Muscella A, Vetrugno C, Biagioni F, Calabriso N, Calierno M T, Fornai F, De Pascali S A, Marsigliante S, Fanizzi F P
Laboratory of Cell Pathology, Department of Biological and Environmental Sciences and Technologies (Di.S.Te.B.A.), University of Salento, Lecce, Italy.
Neuropathology Unit, Institute of Experimental Neurology and Division of Neuroscience, IRCCS San Raffaele Scientific Institute, Milan, Italy.
Br J Pharmacol. 2016 Sep;173(17):2633-44. doi: 10.1111/bph.13543. Epub 2016 Jul 22.
It is thought that the mechanism of action of anticancer chemotherapeutic agents is mainly due to a direct inhibition of tumour cell proliferation. In tumour specimens, the endothelial cell proliferation rate increases, suggesting that the therapeutic effects of anticancer agents could also be attributed to inhibition of tumour angiogenesis. Hence, we investigated the potential effects of [Pt(O,O'-acac)(γ-acac)(DMS)] ([Pt(DMS)]), a new platinum drug for non-genomic targets, on human renal carcinoma and compared them with those of the well-established anticancer drug, cisplatin.
Tumour growth, tumour cell proliferation and microvessel density were investigated in a xenograft model of renal cell carcinoma, developed by injecting Caki-1 cells into BALB/c nude mice. The antiangiogenic potential of compounds was also investigated using HUVECs.
Treatment of the Caki-1 cells with cisplatin or [Pt(DMS)] resulted in a dose-dependent inhibition of cell survival, but the cytotoxicity of [Pt(DMS)] was approximately fivefold greater than that of cisplatin. [Pt(DMS)] was much more effective than cisplatin at inhibiting tumour growth, proliferation and angiogenesis in vivo, as well as migration, tube formation and MMP1, MMP2 and MMP9 secretion of endothelial cells in vitro. Whereas, cisplatin exerted a greater cytotoxic effect on HUVECs, but did not affect tube formation or the migration of endothelial cells.
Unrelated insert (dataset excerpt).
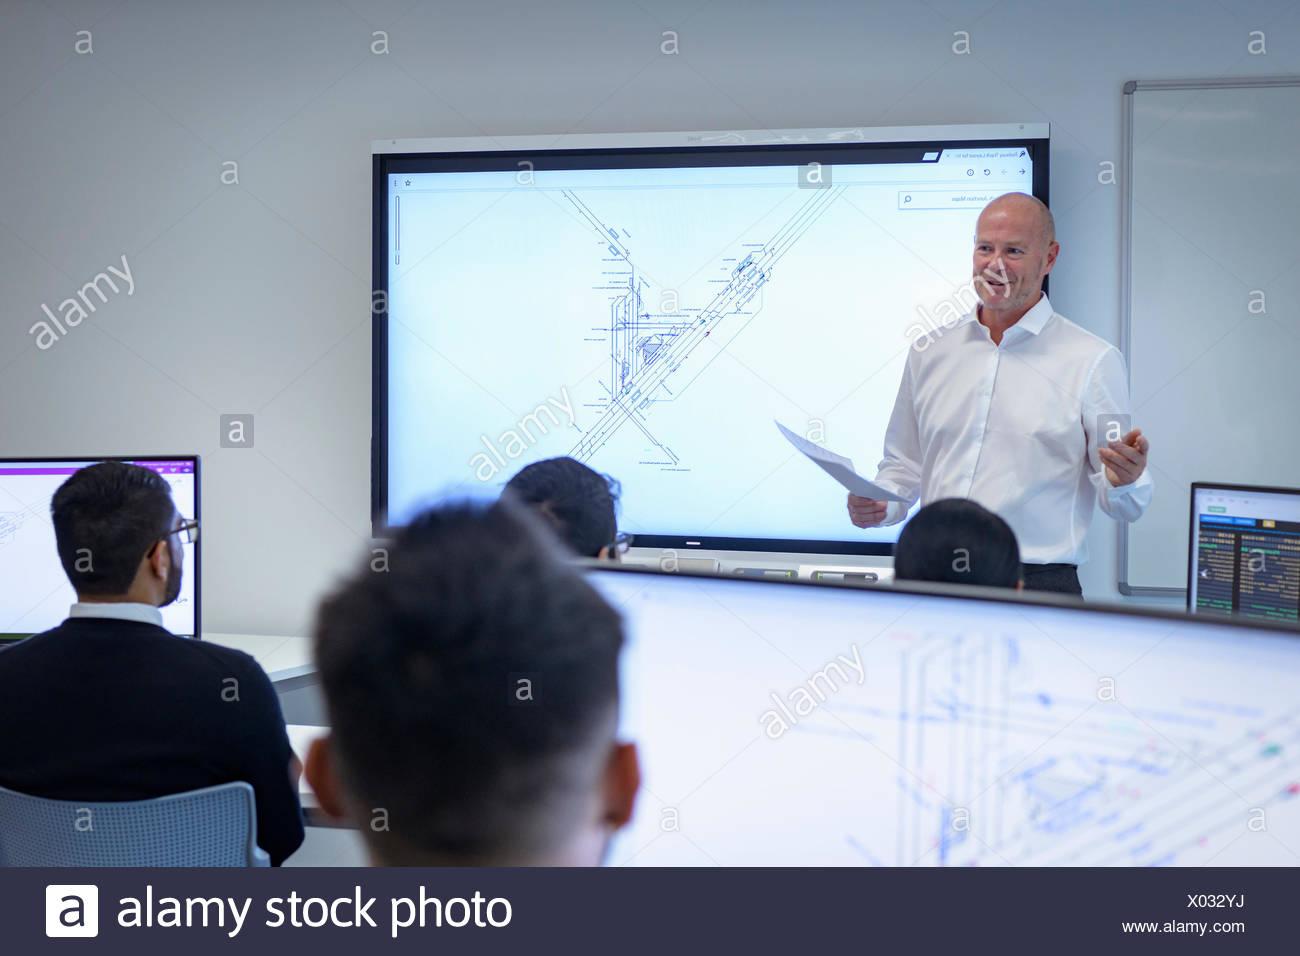 Insegnante con apprendisti studiando le schermate in railway engineering facility Immagini Stock

In addition, treatment of the xenograft mice with [Pt(DMS)] decreased VEGF, MMP1 and MMP2 expressions in tumours.
The antiangiogenic and antitumour activities of [Pt(DMS)] provide a solid starting point for its validation as a suitable candidate for further pharmacological testing.
人们认为抗癌化疗药物的作用机制主要是直接抑制肿瘤细胞增殖。在肿瘤标本中,内皮细胞增殖率增加,这表明抗癌药物的治疗效果也可能归因于对肿瘤血管生成的抑制。因此,我们研究了一种针对非基因组靶点的新型铂类药物[Pt(O,O'-acac)(γ-acac)(DMS)]([Pt(DMS)])对人肾癌的潜在作用,并将其与成熟的抗癌药物顺铂进行比较。
通过将Caki-1细胞注射到BALB/c裸鼠体内建立肾细胞癌异种移植模型,研究肿瘤生长、肿瘤细胞增殖和微血管密度。还使用人脐静脉内皮细胞(HUVECs)研究了化合物的抗血管生成潜力。
用顺铂或[Pt(DMS)]处理Caki-1细胞导致细胞存活呈剂量依赖性抑制,但[Pt(DMS)]的细胞毒性比顺铂大大约五倍。在体内抑制肿瘤生长、增殖和血管生成以及体外抑制内皮细胞迁移、管腔形成和MMP1、MMP2及MMP9分泌方面,[Pt(DMS)]比顺铂有效得多。然而,顺铂对HUVECs具有更大的细胞毒性,但不影响内皮细胞的管腔形成或迁移。此外,用[Pt(DMS)]处理异种移植小鼠可降低肿瘤中VEGF、MMP1和MMP2表达。
[Pt(DMS)]的抗血管生成和抗肿瘤活性为其作为进一步药理测试的合适候选药物的验证提供了坚实的起点。